BEGIN Supplied entries

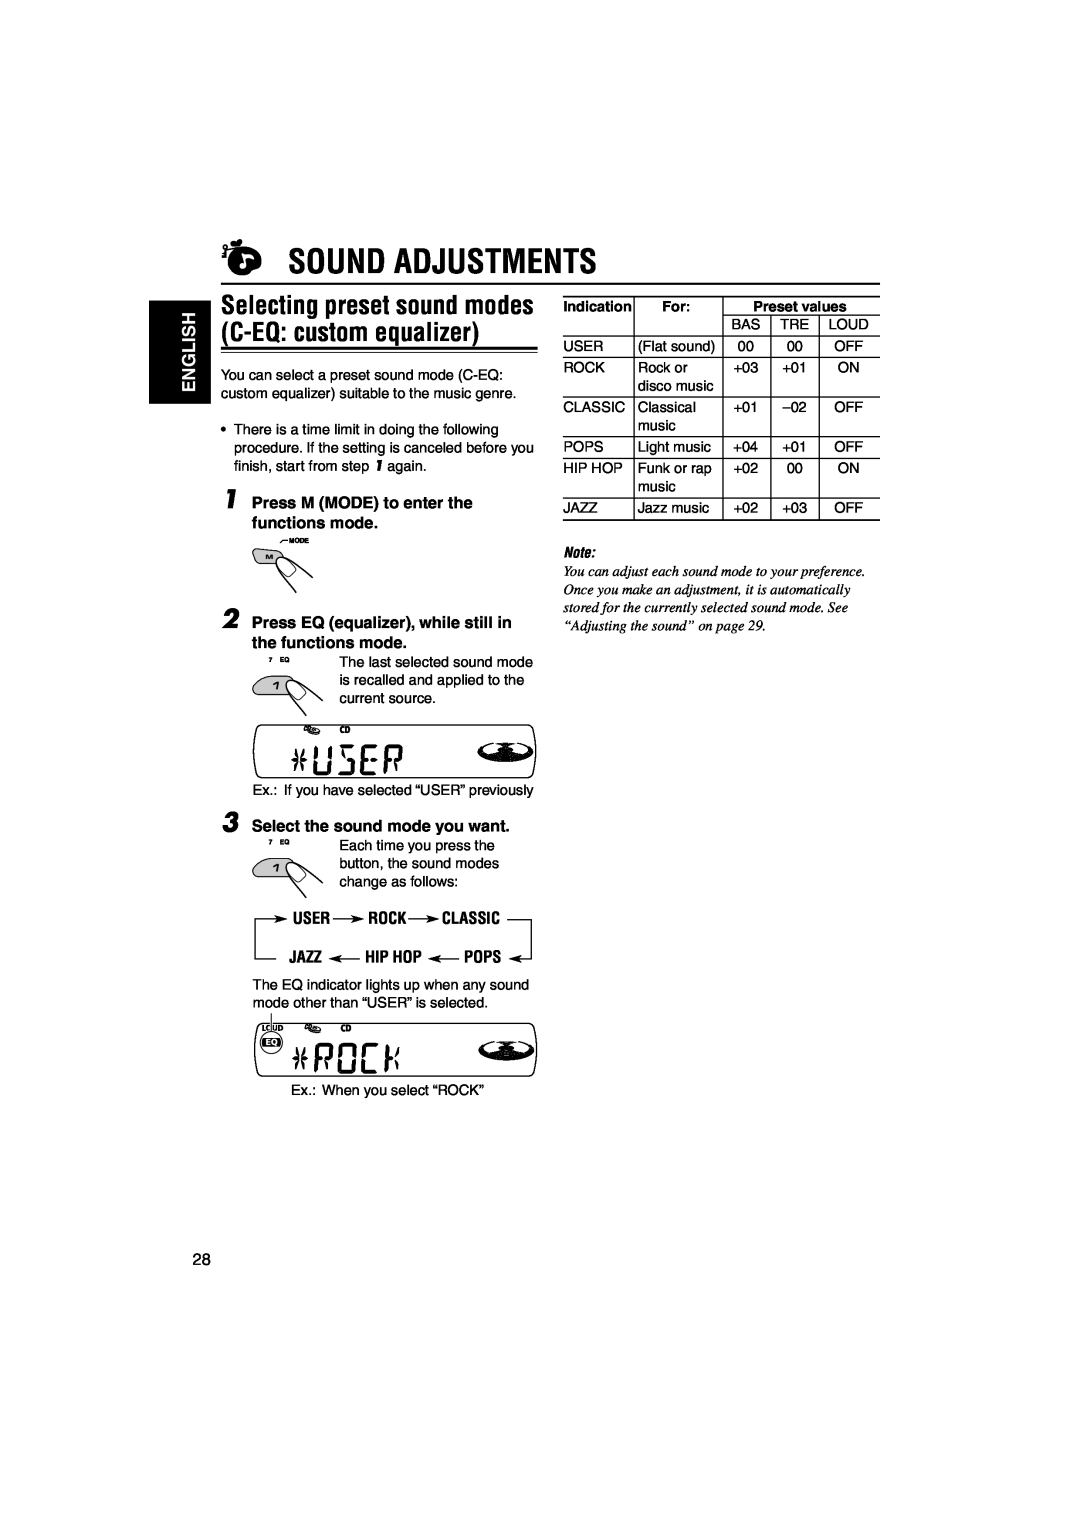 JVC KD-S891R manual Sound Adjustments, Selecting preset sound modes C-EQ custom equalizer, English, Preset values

END Supplied entries
BEGIN Supplied entries

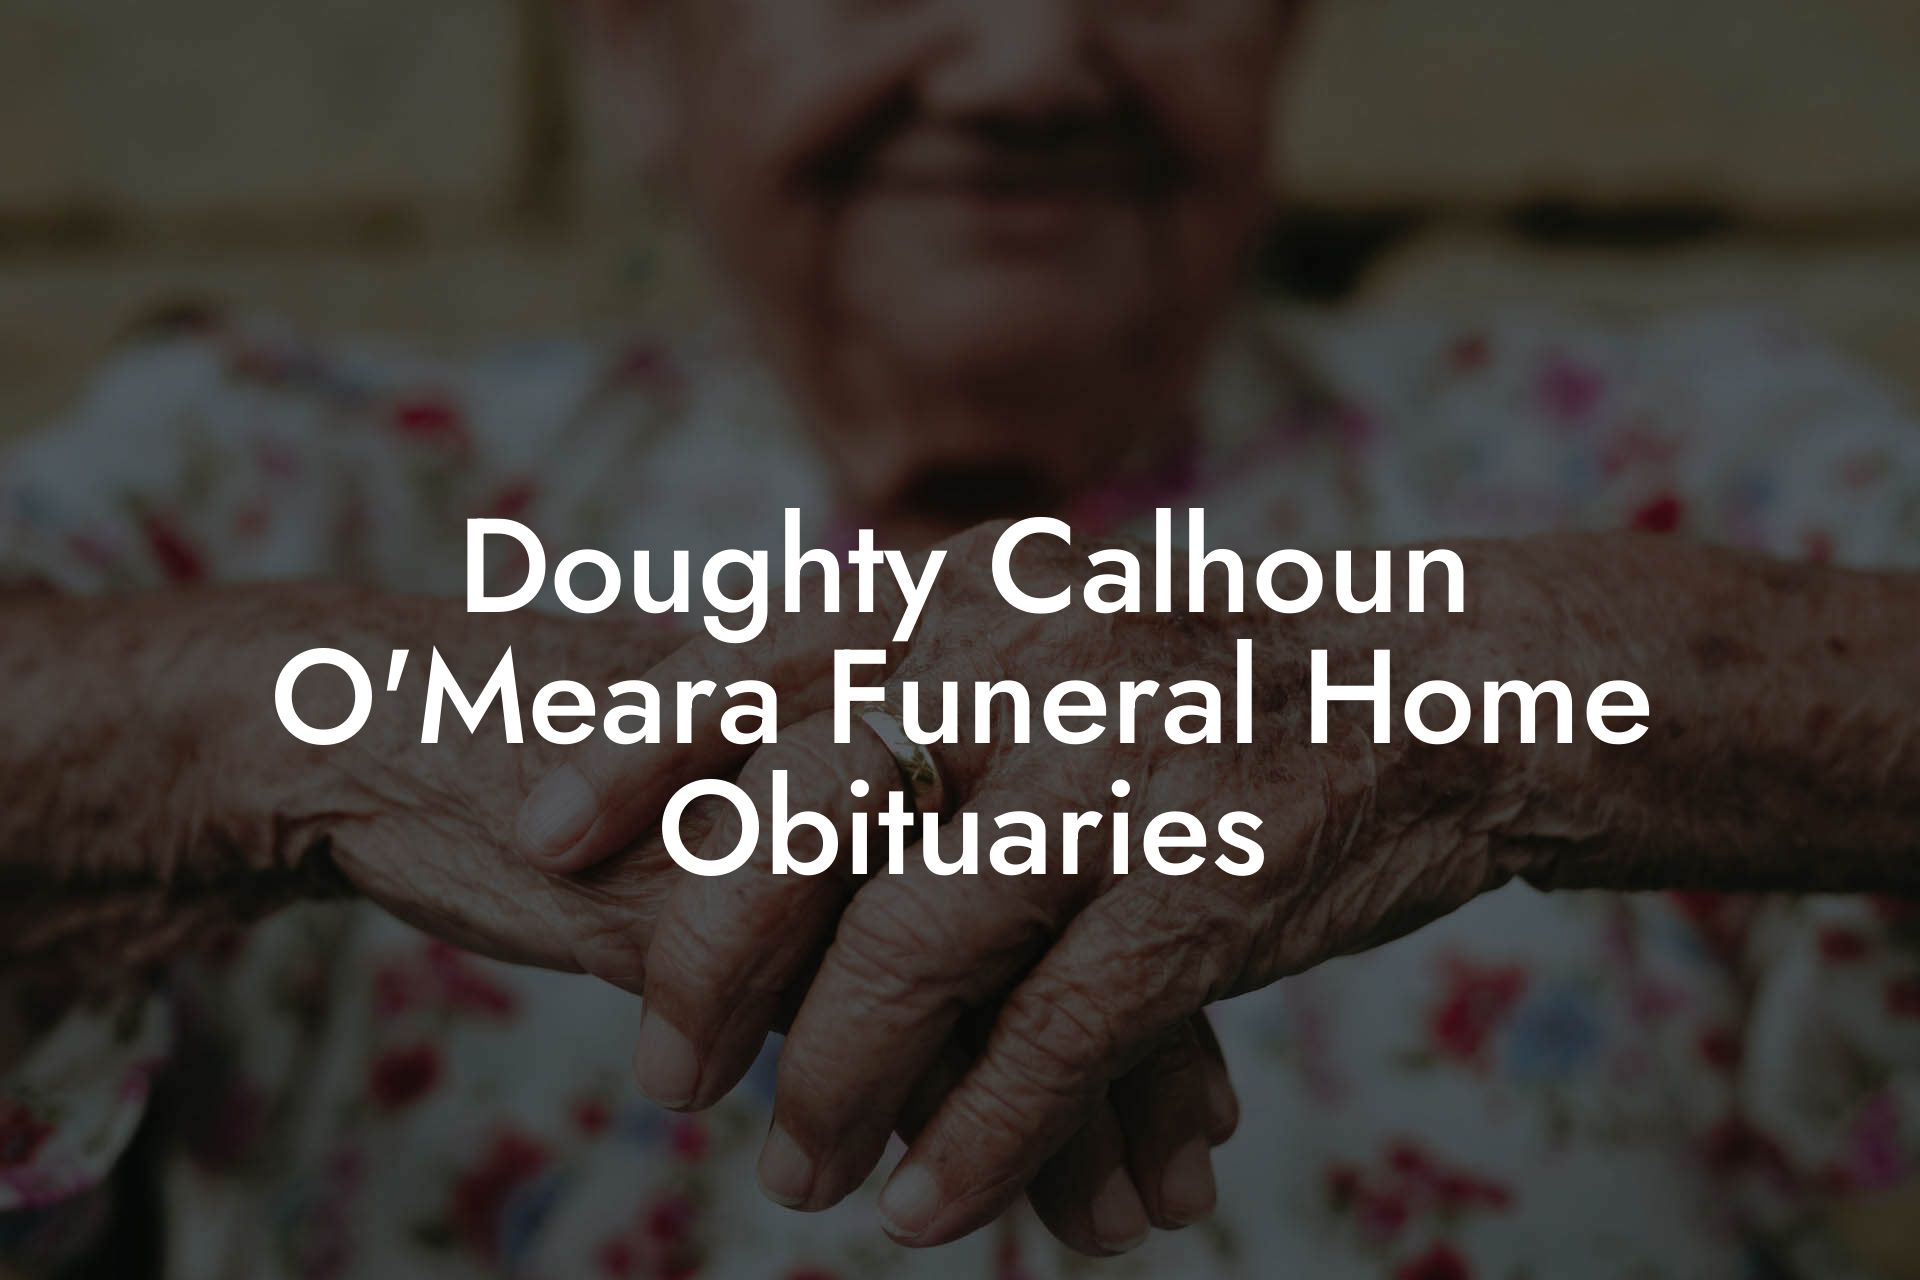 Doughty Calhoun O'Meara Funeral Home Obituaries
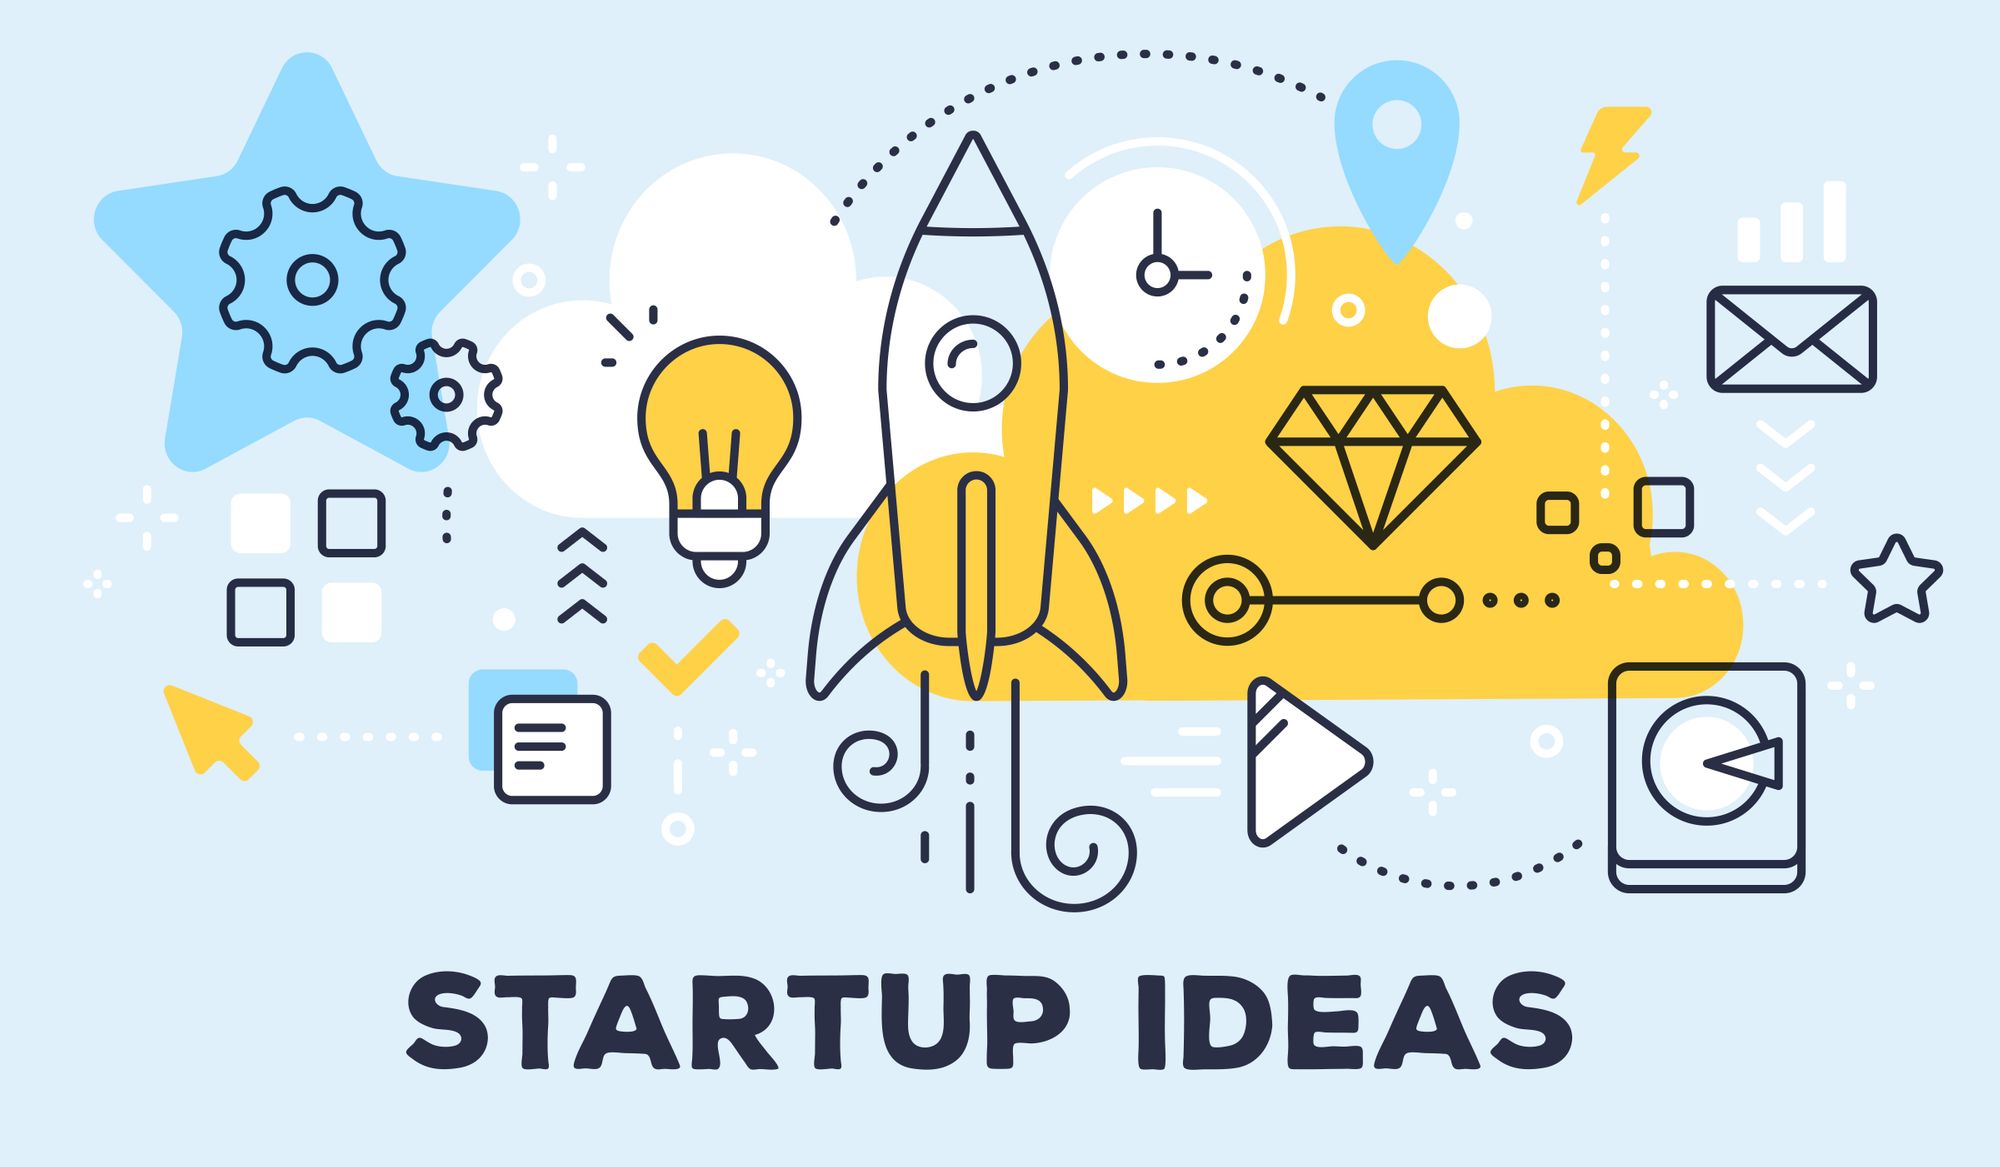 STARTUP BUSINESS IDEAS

END Supplied entries

● **Exercise details**: Above is the material; set down exactly its lines from the one containing "Doughty Calhoun O'Meara" down to the one containing "STARTUP BUSINESS IDEAS", both included, leaving out any pictures.

● **Exercise result**:
 Doughty Calhoun O'Meara Funeral Home Obituaries
 STARTUP BUSINESS IDEAS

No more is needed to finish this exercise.